-- INFORMATION PROVIDED --
□ □ □ □ □
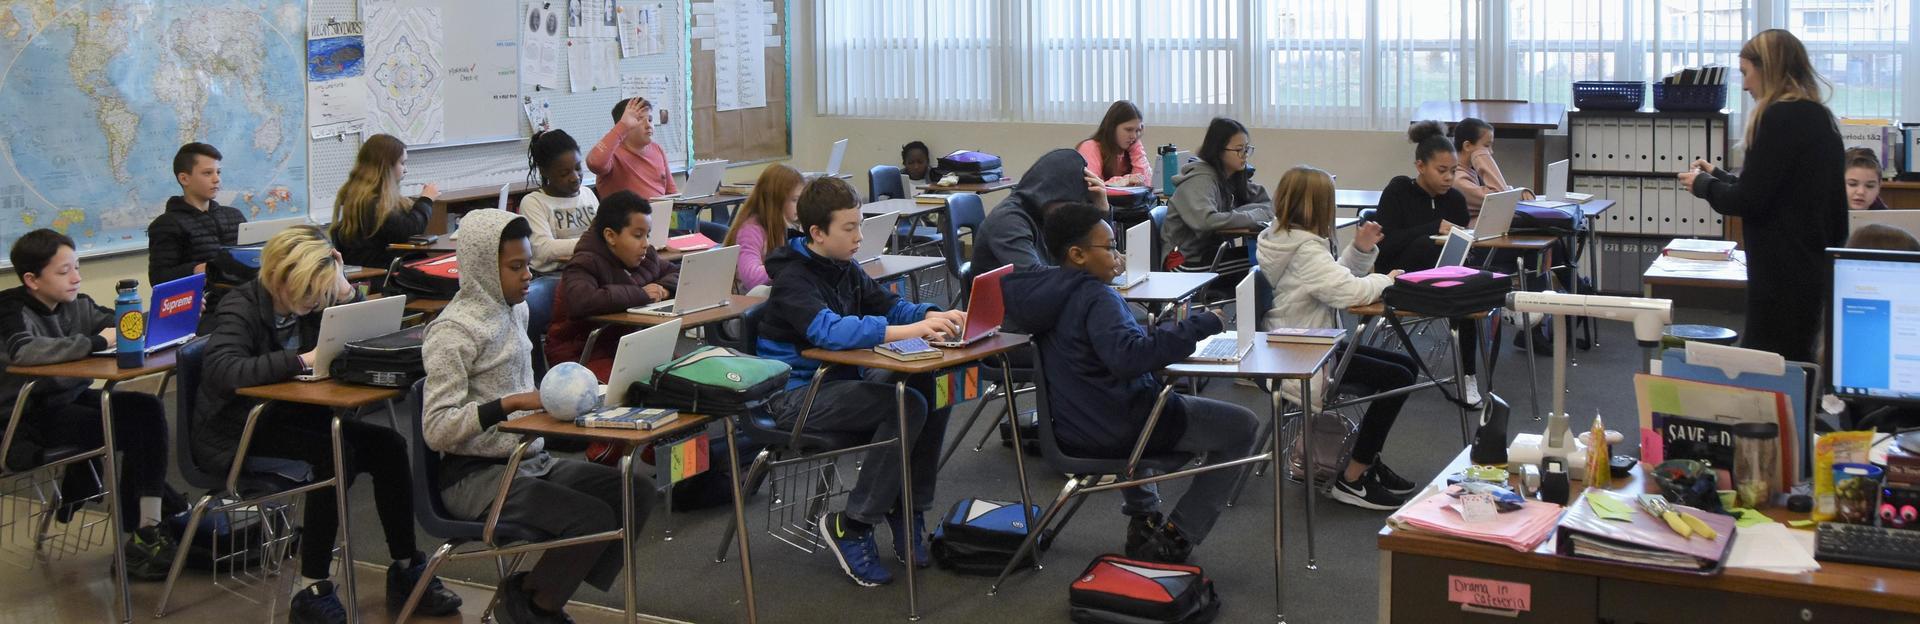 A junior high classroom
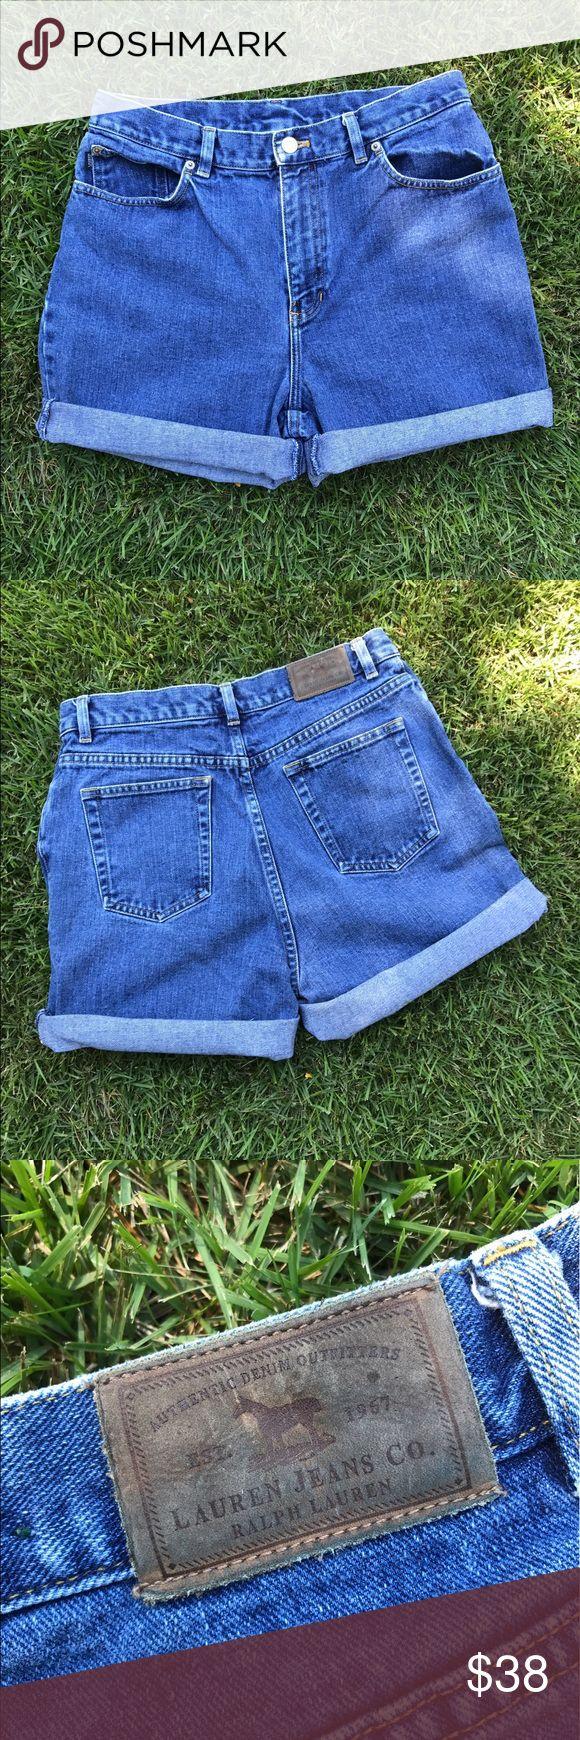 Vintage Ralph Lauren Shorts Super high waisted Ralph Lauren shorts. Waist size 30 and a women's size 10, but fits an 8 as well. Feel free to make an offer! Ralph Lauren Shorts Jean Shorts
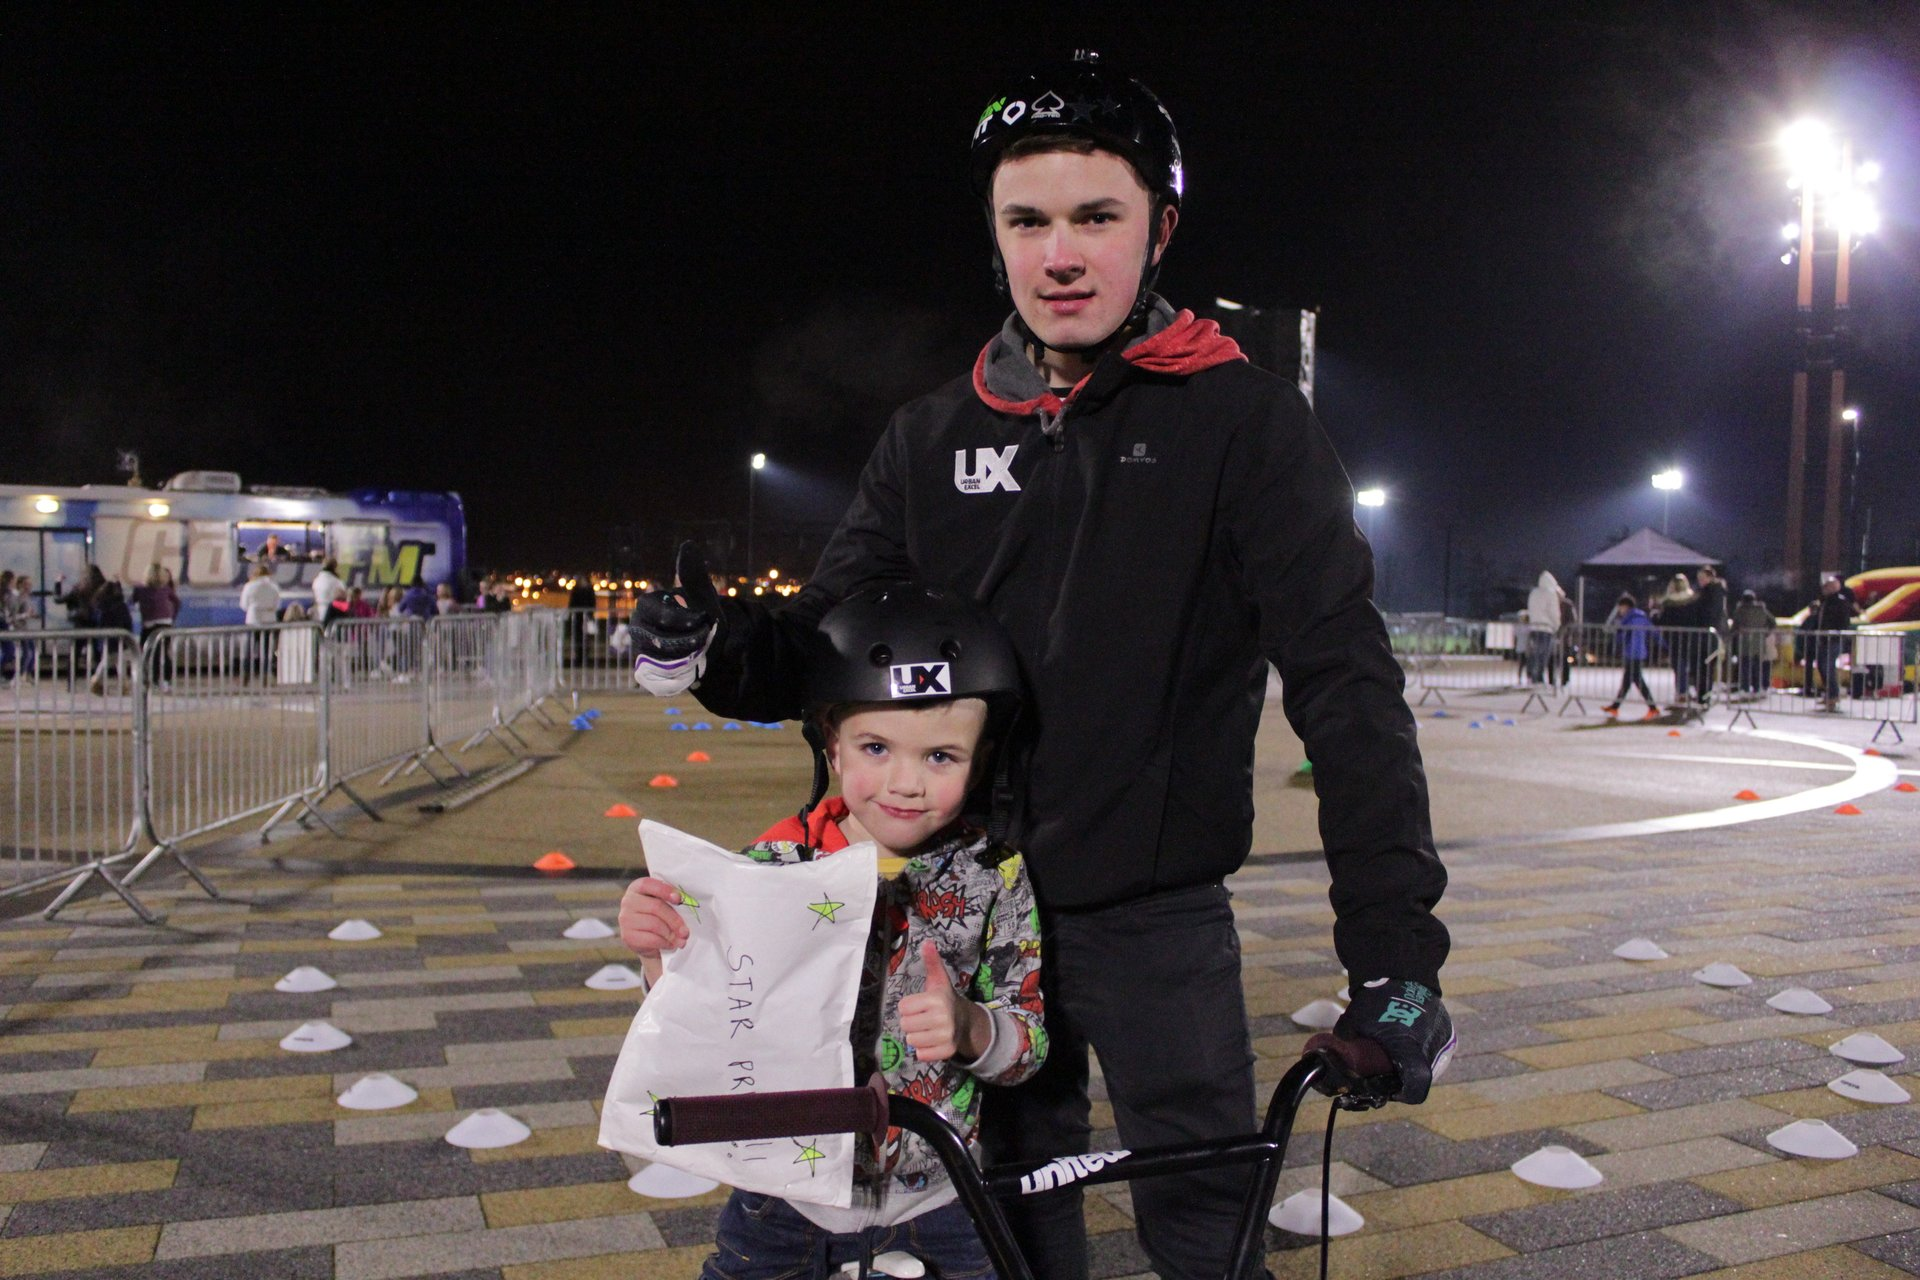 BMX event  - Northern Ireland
□ □ □ □ □
-- THE PROBLEM --
Could you output the entire listing verbatim while omitting its pictures?

-- RESPONSE AREA --
 A junior high classroom
 Vintage Ralph Lauren Shorts Super high waisted Ralph Lauren shorts. Waist size 30 and a women's size 10, but fits an 8 as well. Feel free to make an offer! Ralph Lauren Shorts Jean Shorts
 BMX event  - Northern Ireland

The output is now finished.